9 April 2009 | by smonkey-1See all my reviews

The Richter greatness was in his deepest knowledge on "what lies behind the notes". The Richter greatness was in his ability to play, every composer genuinely (i.e. you know-this is Alexander Scriabin, and this is WA Mozart), having deep knowledge of the composer style, time, manner of composing, and real life. No mix, no wizards, no exaggerations, no erratic tempi, style, behavior. And this is soo difficult, soo difficult... . No Padrewski style tricks, no Cortot bunch of wrong notes, no Horowitz show presence.

When Richter plays, you see the whole composition in front of you. You do not listen notes, phrases. You see the Bach i.e., in flesh and blood. The Richter virtuosity was transcendental. But this was not virtuosity for the sake of the virtuosity. We do not see the Maestro Richter virtuosity-he is dissolved into the music and do not struck us with false face.

Richter was not either showman, like Horowitz was. Not to speak to all today "virtuoso" pianists like Perahia, Barenboim or so on...with their unrestrained behavior and grimaces behind the piano-you know... "We feel the music".

But Richter and Rachmaninoff for me is the whole world "behind the notes".

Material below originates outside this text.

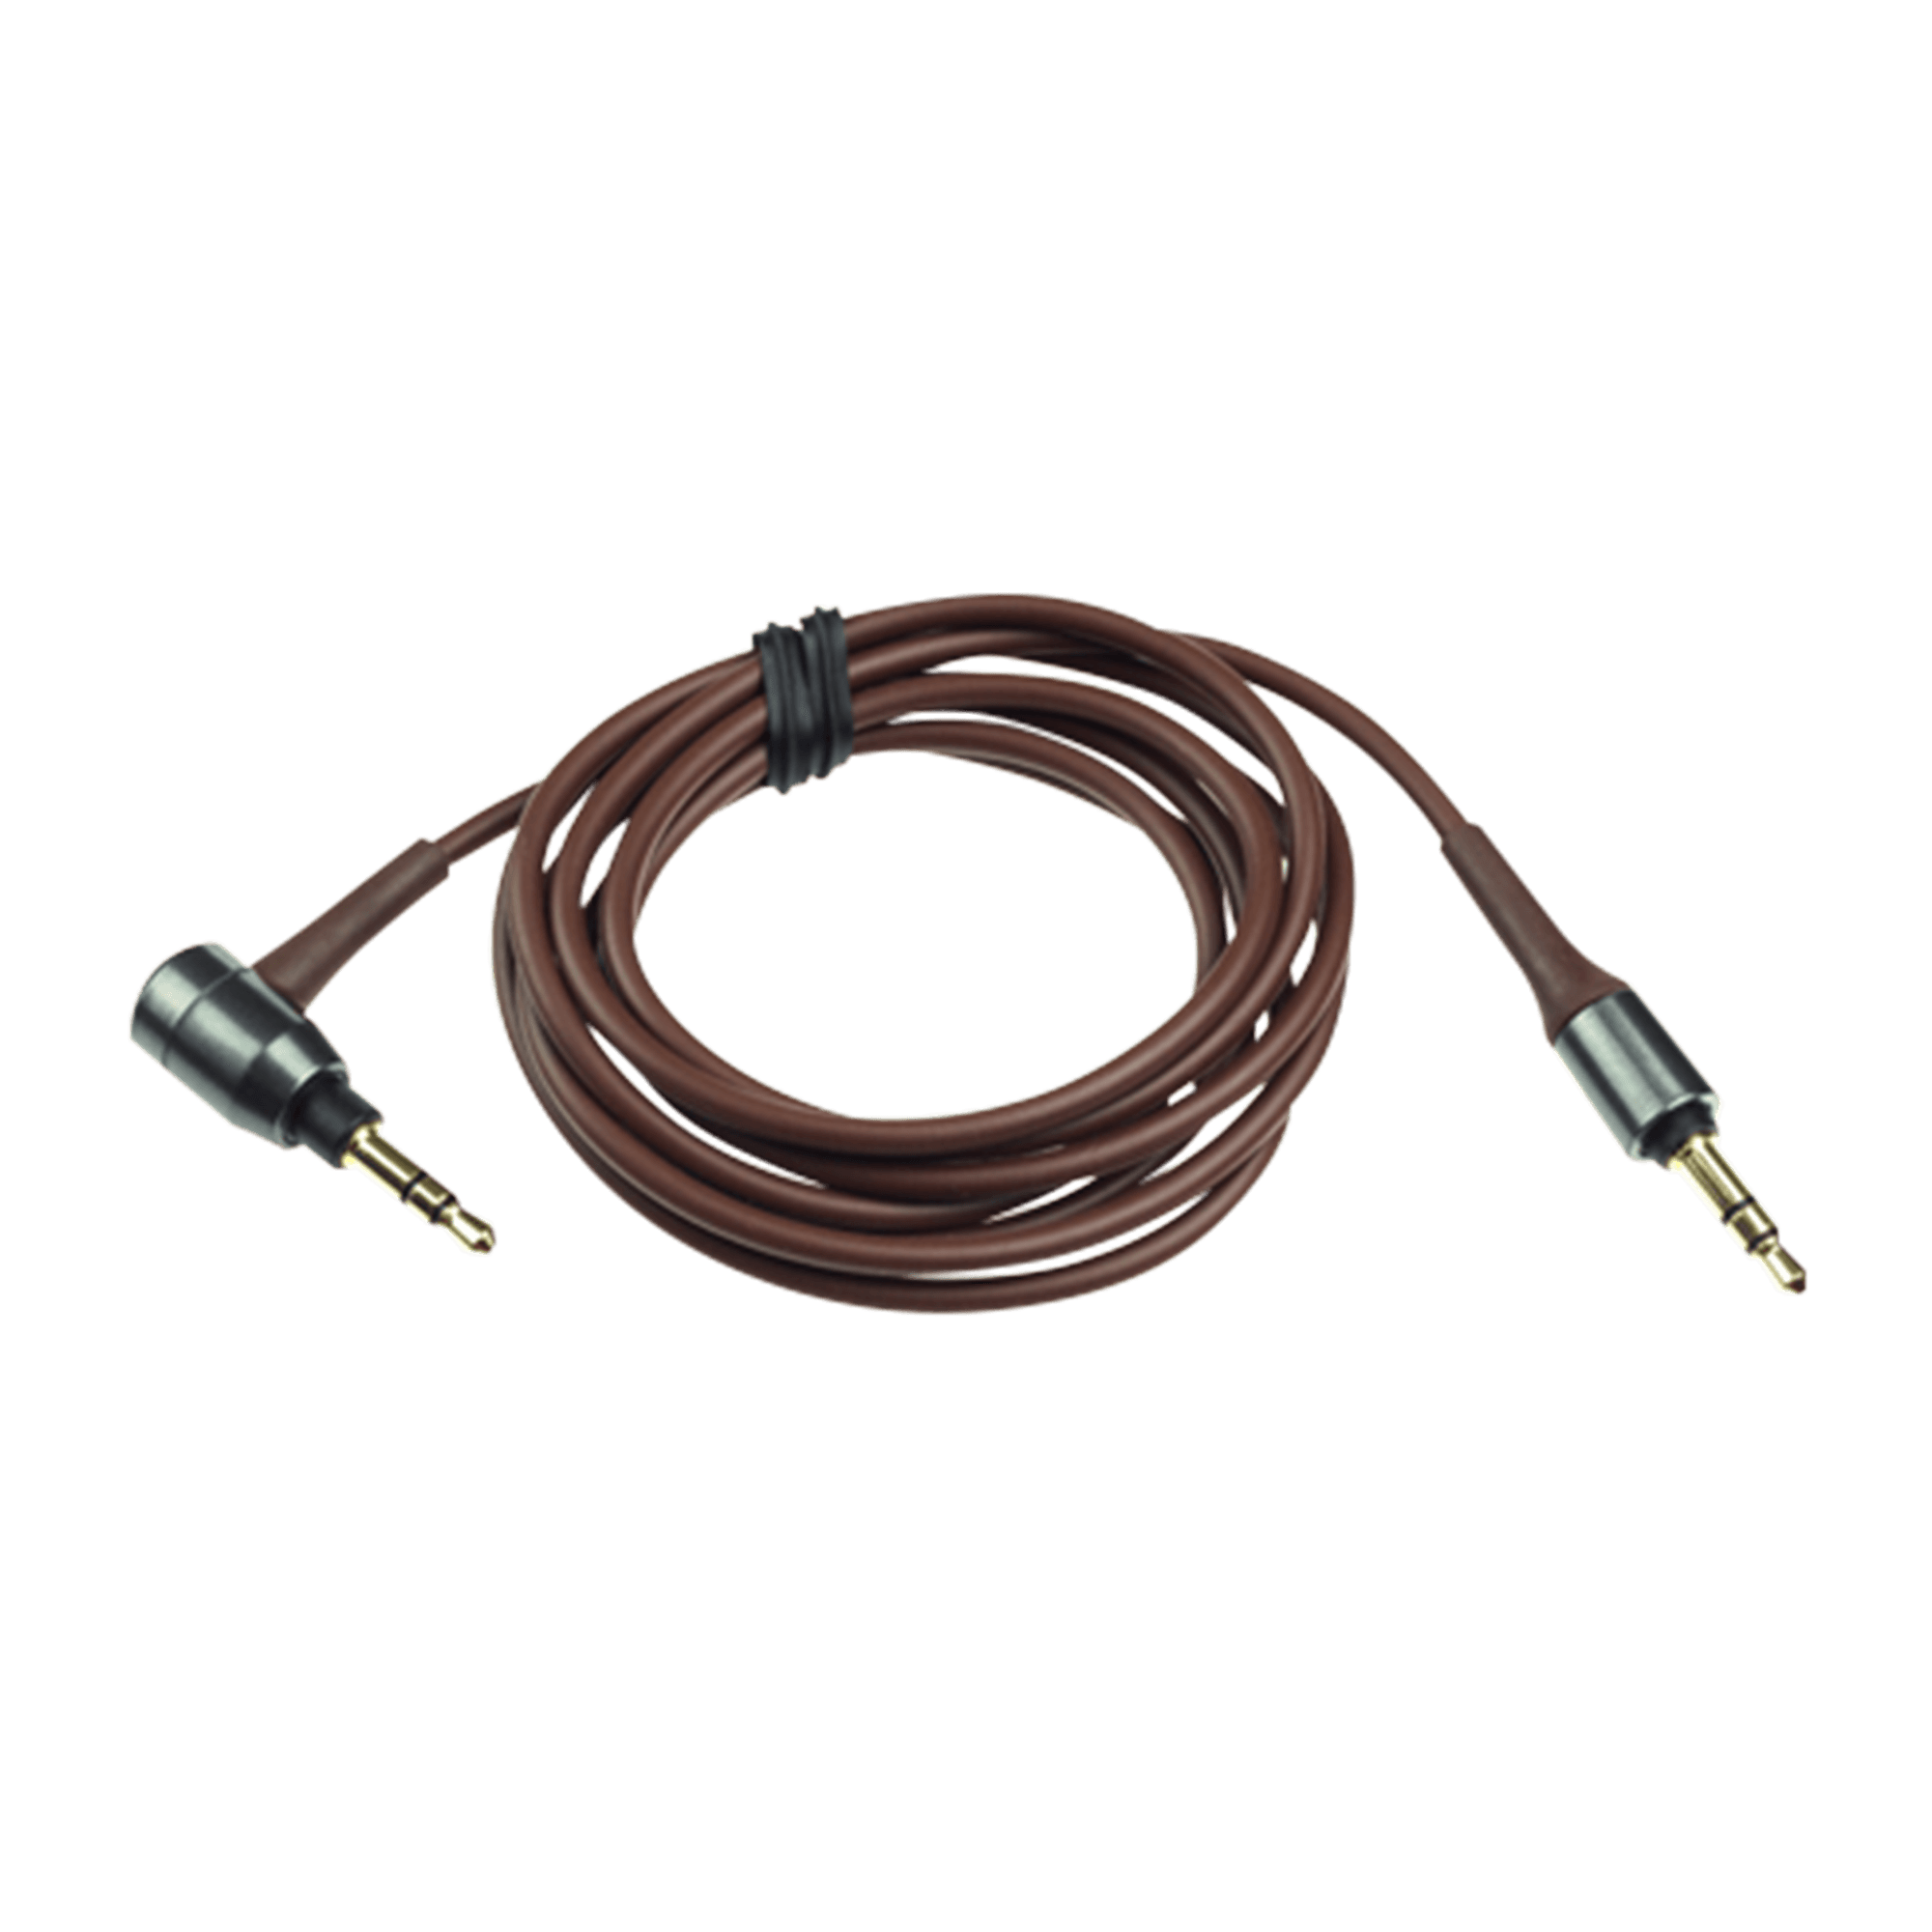 ATH-MSR7 Audio Cable

The Richter playing have the ability to capture you. To capture you completely. You are "inside the action". You are able to dream too with the composer, helped in this by the pianist. This was possible because of one simple thing-Richter and Rachmaninoff, beside their virtuosity and technical control, had had the symmetry of their two hands-i.e. the symmetry of their hands while playing was always and almost invisibly prefect. This is crucial, because this create the feeling of the "whole piece". And this is soo difficult... . Hofmann had this too. Horowitz also. But the last two was so uneven in their performances, that this have not of too much help for them. Hofmann was plagued by his genius, unable to cope with the challenges he present to him, Horowitz in contrary, was obsessed with daemons, psychological problems and Wanda-his wife, which truly speaking, was a great destructing force for him.

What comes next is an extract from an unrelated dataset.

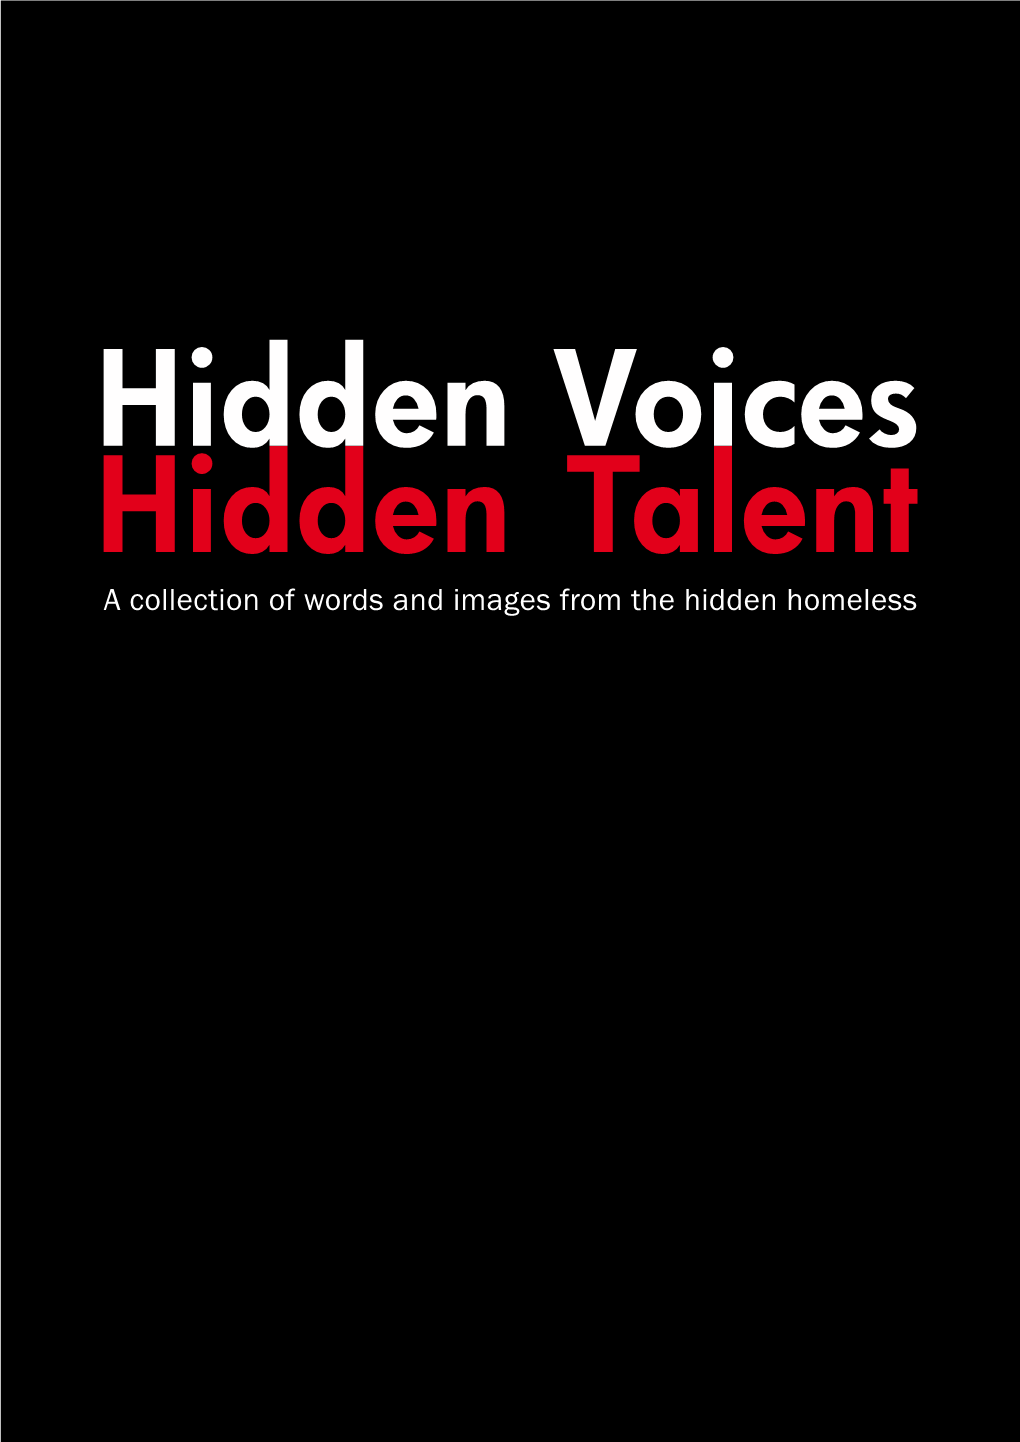 Hidden Voices Project the Hidden Voices Project All Began at a Service User Meeting the Project Was Run by Artworks Creative Communities and the in 2009

Second-the two great Masters have their own sound. The colorfulness, the small rubatos, the temp changes, "the inner layers" in the music, they expressed with clarity and vision, which nobody possessed in the past century. Rachmaninoff and Richter respect the pedal, and never "make music" with him, like Gould like to do often, or like other today pianist exaggerate every note, abusing the pedal. Sviatoslav Richter was incomparable too in his ability to play soft, "muted", silently. And this to sound like this-naturally silent.

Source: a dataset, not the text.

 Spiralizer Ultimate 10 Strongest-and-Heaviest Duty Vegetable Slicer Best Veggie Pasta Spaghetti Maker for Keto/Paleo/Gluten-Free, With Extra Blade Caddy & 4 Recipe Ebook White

Richter indeed was VERY complex and very private man, almost and exclusively deeply devoted to his musical world. But with deep knowledge. Nobody in the 20-th century of the piano music had the knowledge and the depth which Racmaninoff and Sviatoslav Richter had have. Rachmaninoff like composer and pianist, Richter like pianist with unbelievable sense of self-criticism, hard diligence and discipline. Richter originate from rich musical environment and German traditions of his father-Theophil Richter was alumni from the Vienna University. Plus, Richter many years in his very youth work like répétiteur for the Odessa ballet and Opera. Almost nobody in the 20-th century piano music work like répétiteur, like Richter do. Because of this, Richter was (with the Rachmaninoff) probably the best by sight reader of the piano sheet music in the whole 20-th century.

Many peoples try to diminish the Richter saying that, in his late years the Maestro played with the note in front of him. The reality is simple-Richter had hearing problems and memory lapses from the late 70-ties and beyond. Yes, but in 1979 Richter was 64yr old man. Many peoples are not able to make 1+1 in this age... not to speak to play Debussy. All this is rubbish...completely. You may see in those years that Richter has his note in front of him for security reason and rare watch them at all.

If you like Richter, look at the Bruno Monsaingeon documentary film "Richter-The Enigma"-there is the real Richter.